After removing every image, reproduce the data exactly as it appears.

Data section:
BEGIN

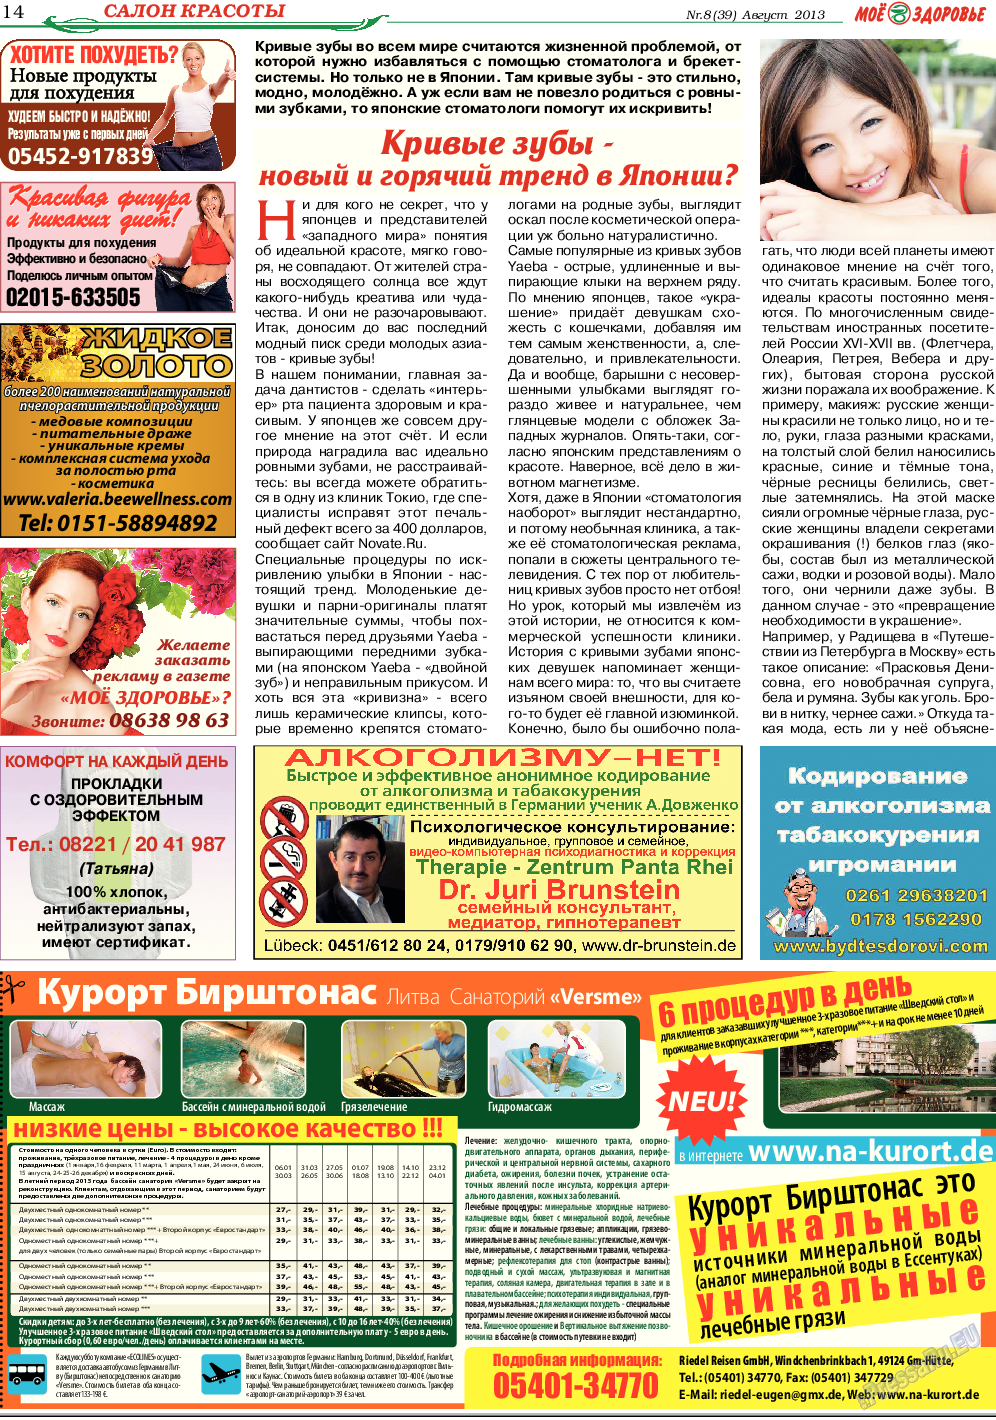 Кругозор, газета. 2013 №8 стр.14
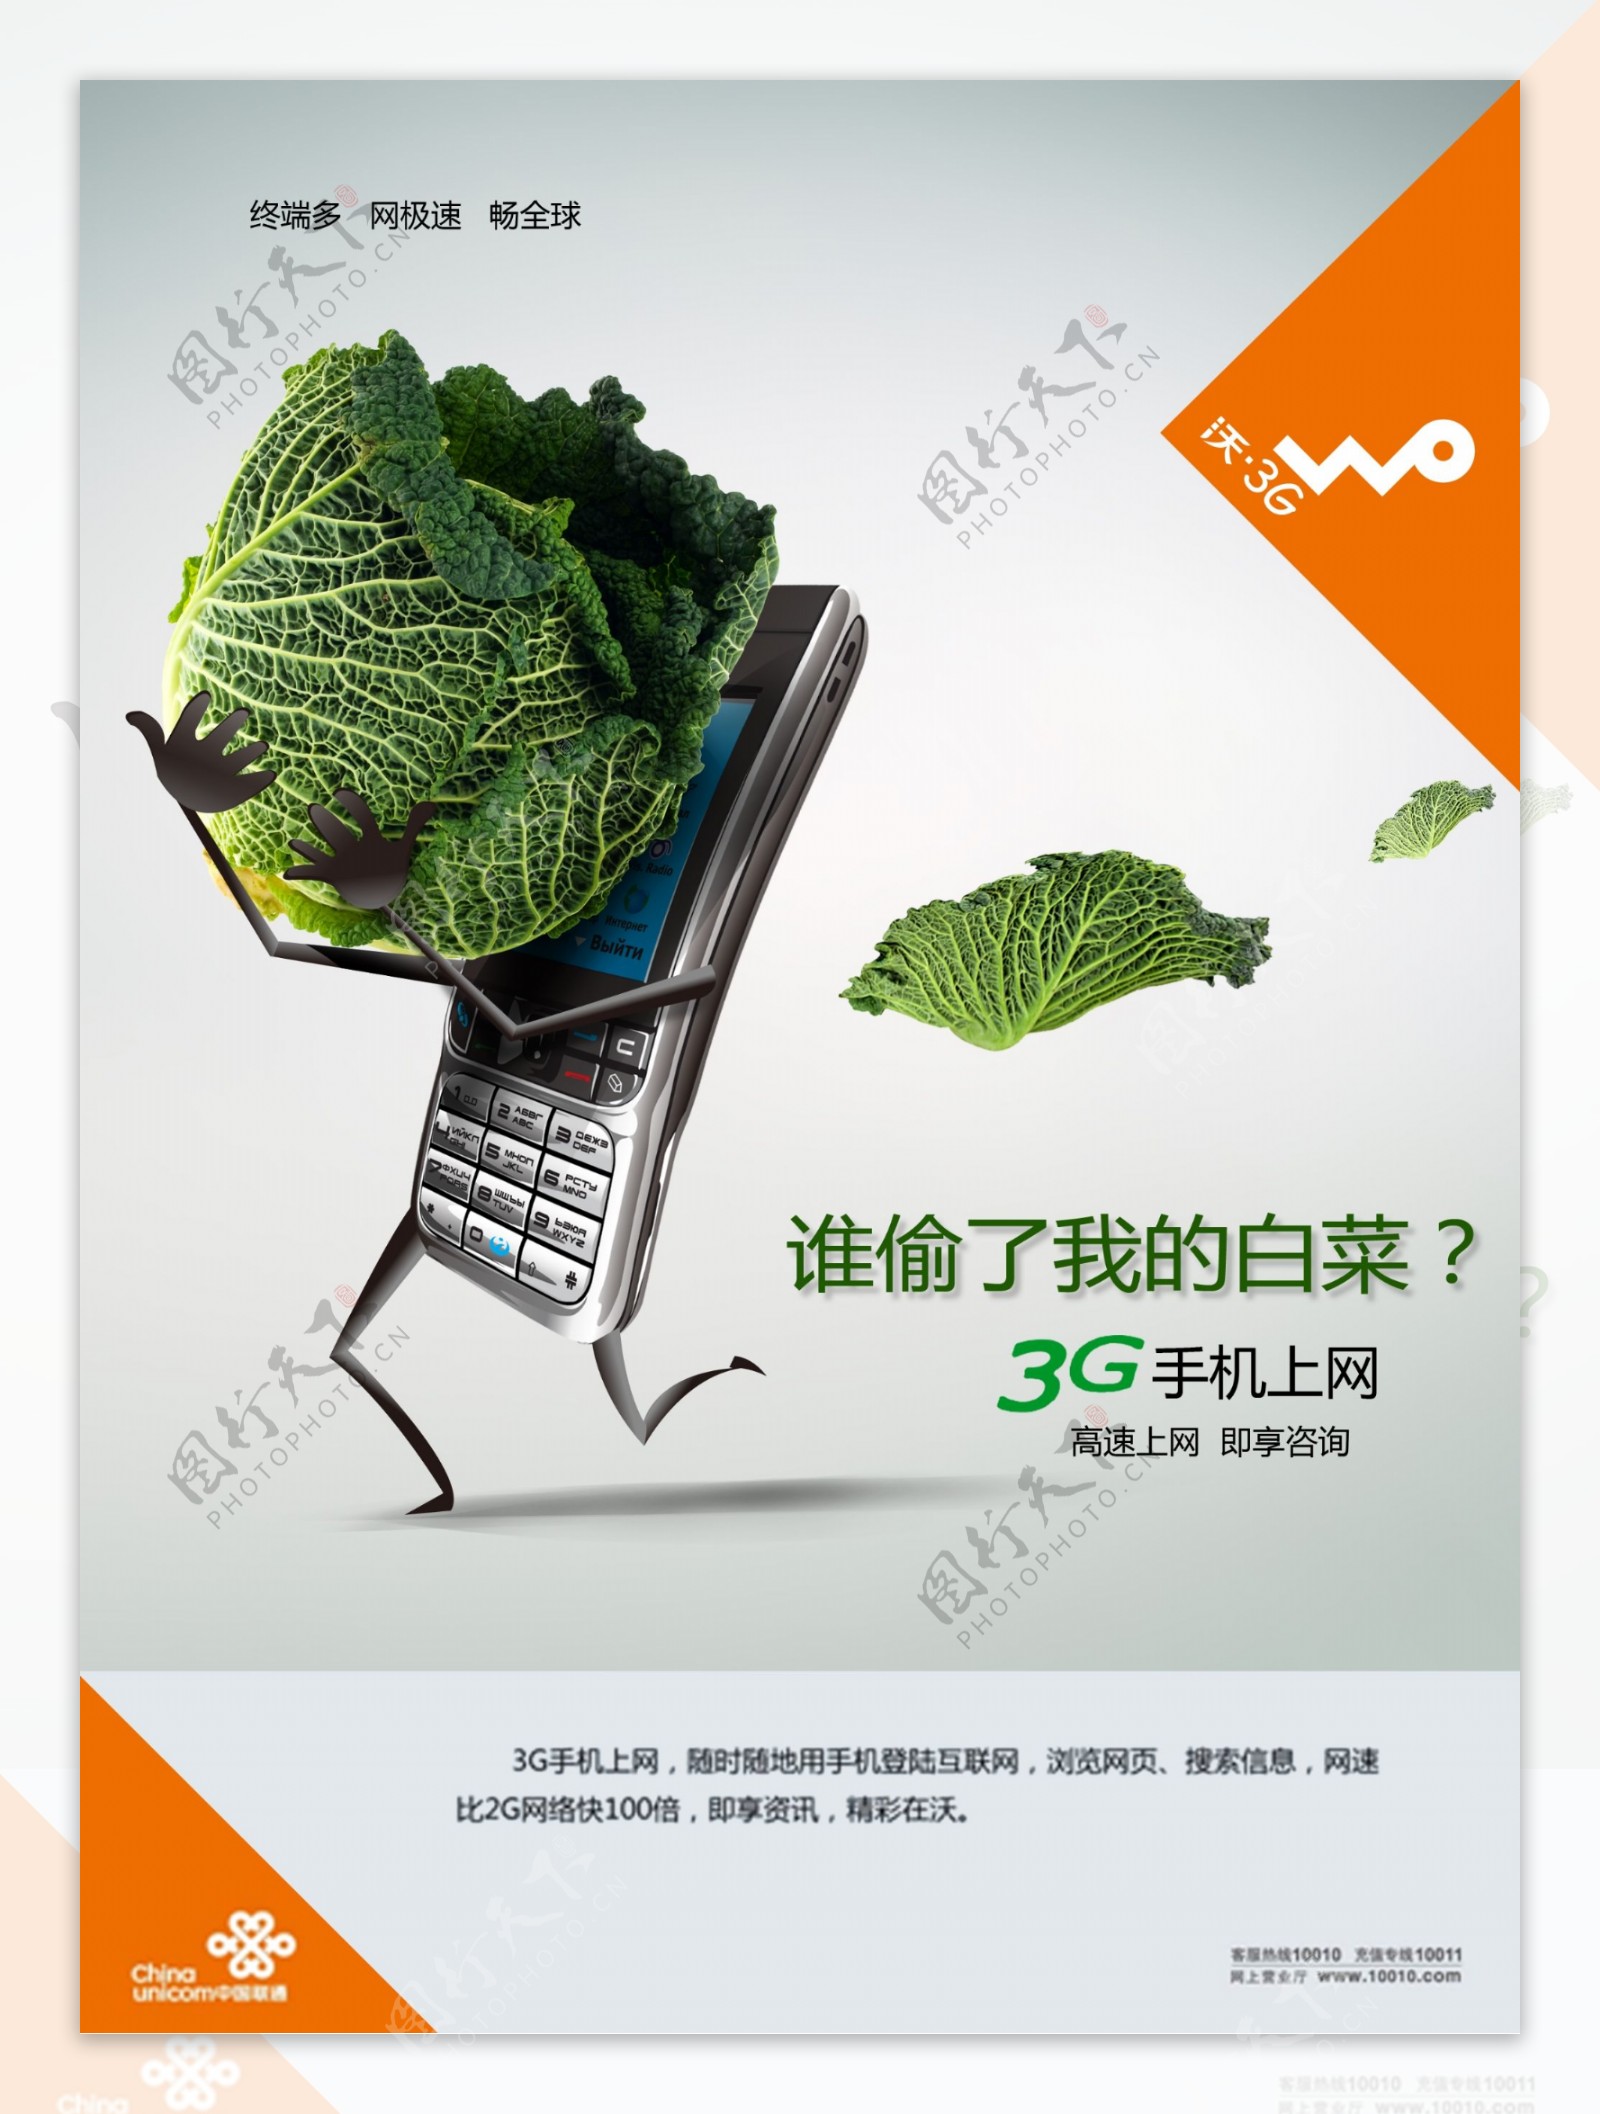 中国移动3G手机上网广告
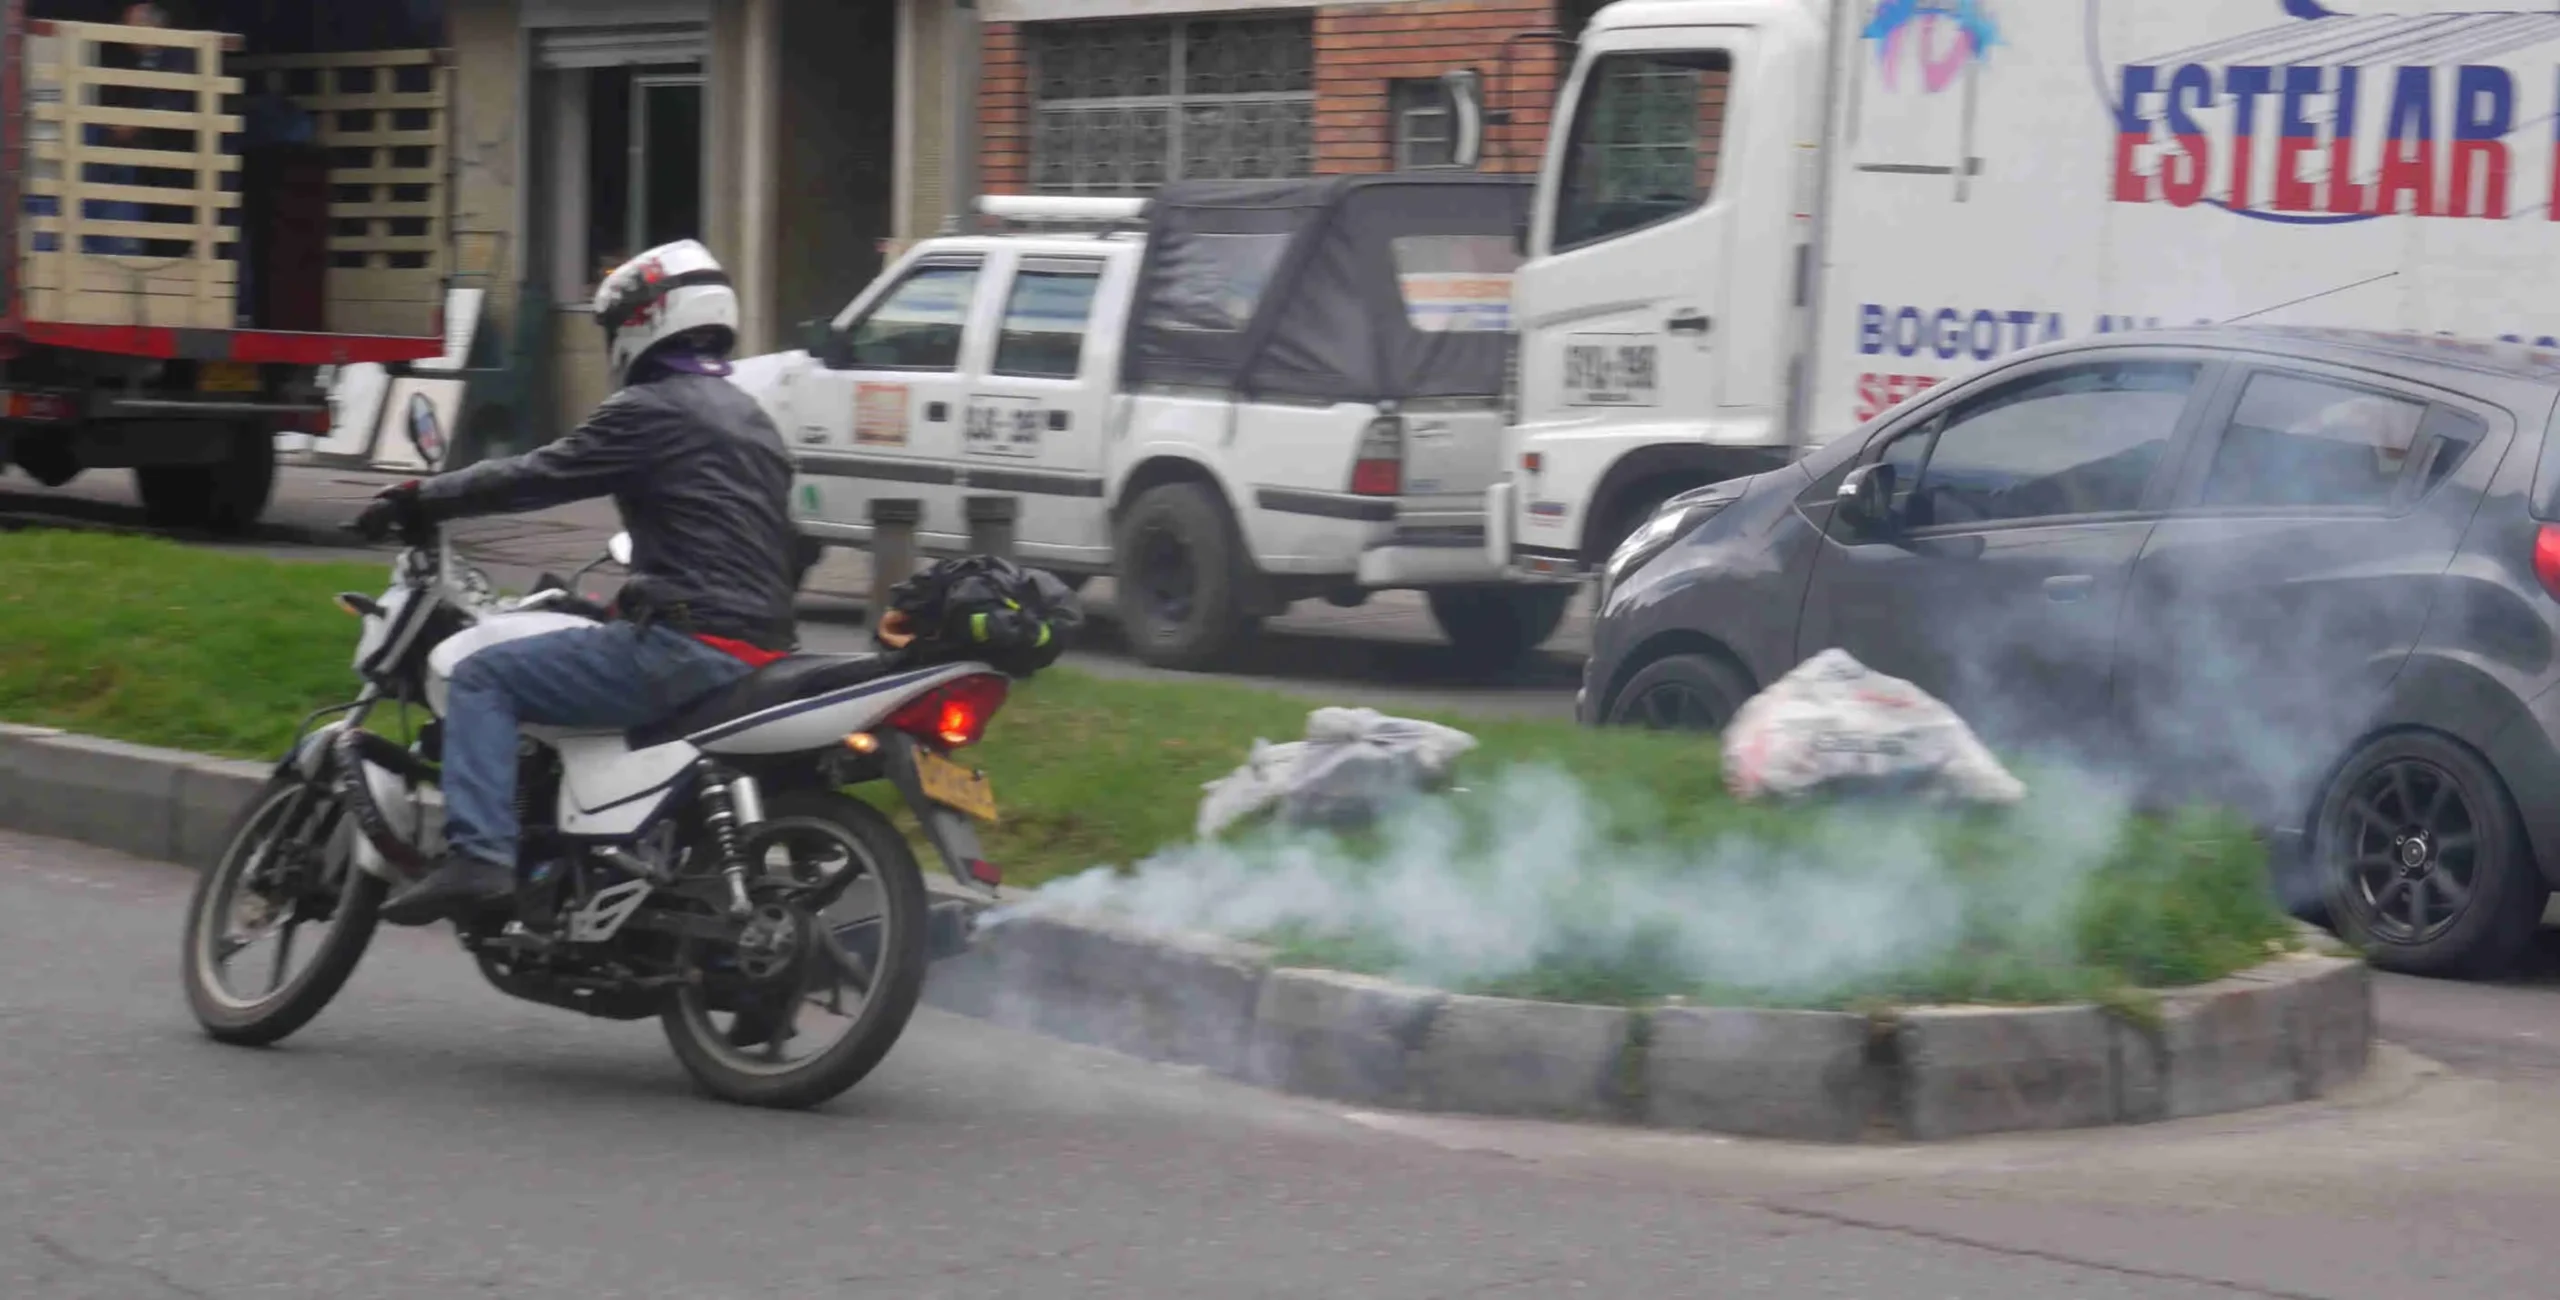 contaminacion de motos - Qué tipo de contaminación causan las motos

END

Result:
 Кругозор, газета. 2013 №8 стр.14
 中国移动3G手机上网广告
 contaminacion de motos - Qué tipo de contaminación causan las motos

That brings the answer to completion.